Reputation: 3927
I have the following code:
def say_hello_then_call_f(f, *args, **kwargs):
print 'args is', args
print 'kwargs is', kwargs
print("Hello! Now I'm going to call %s" % f)
return f(*args, **kwargs) # when calling a function, however, * unpacks a tuple and ** unpacks a dict
def g(x, y,s, z=1):
return (x + y) / z
I don't understand why the line below results in an error "non-keyword arg after keyword arg". Does it have to be that a functions has Keywords Arguments and only then Non-Keyword Arguments, even when passing values?:
say_hello_then_call_f(g, 1, y=2,4, z=5.)
Thanks
Upvotes: 2
Views: 4372
Reputation: 21914
icktoofay is correct, but I think it might be useful to go into a little more depth on this one. The reason for this is if you allow of keyword arguments, and then positional arguments, it inherently becomes ambiguous as to which position that argument should actually go into. Should it count the keyword arguments or not?
In your example:
say_hello_then_call_f(g, 1, y=2, 4, z=5.)
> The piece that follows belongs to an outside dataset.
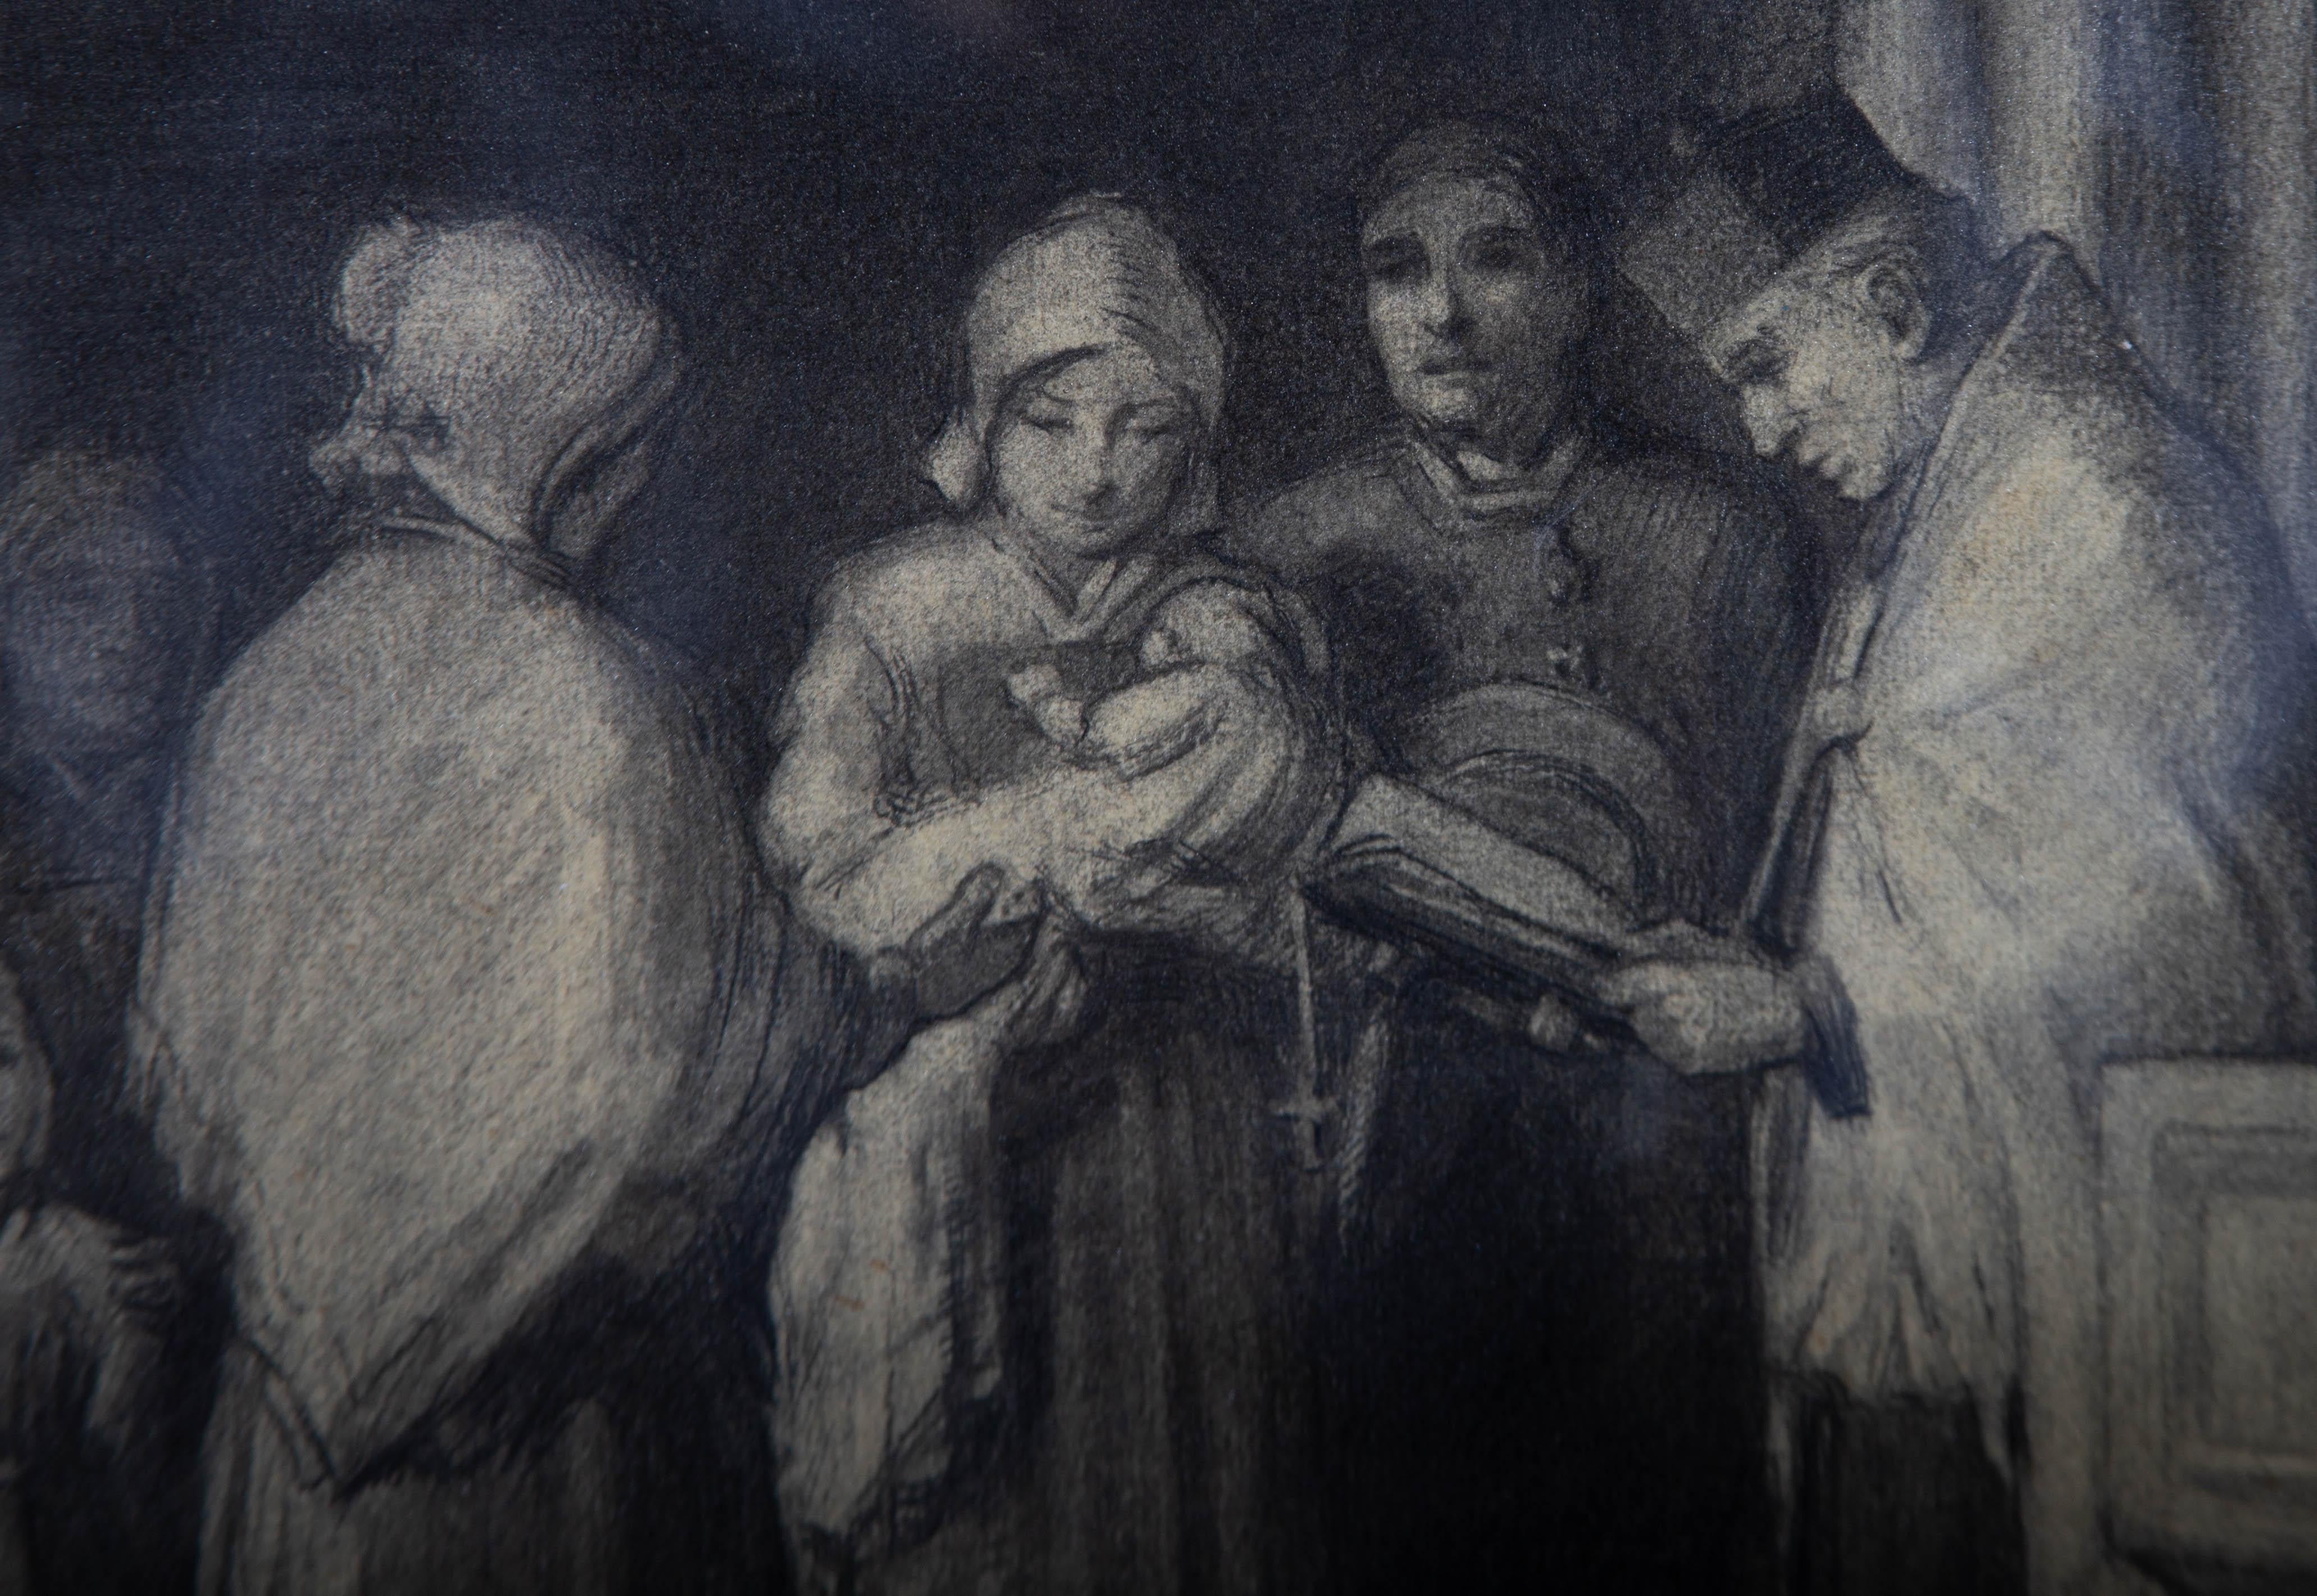 A very finely wrought charcoal drawing of a christening in a Catholic church. The interior of the church is filled with an atmospheric darkness which contrasts with the luminosity of the figures in the lower register of the composition. Presented

There are cases to be made both for 4
being the 4th
, and the 3rd
positional argument. If you count keyword arguments as positional arguments, there's no reason to specify the word associated with the argument, and if you don't, then you have a non-constant interface to the function effectively.
Also, hard to say whether it goes in *args
or **kwargs
at that point.
Compounding on top of this, if we had argument ambiguity combined with python
's duck-typing system, it would quickly lead to some problems that would be horrible to debug.
Upvotes: 2
Reputation: 129001
Yes, Python enforces an order on arguments: all non-keyword arguments must go first, followed by any keyword arguments.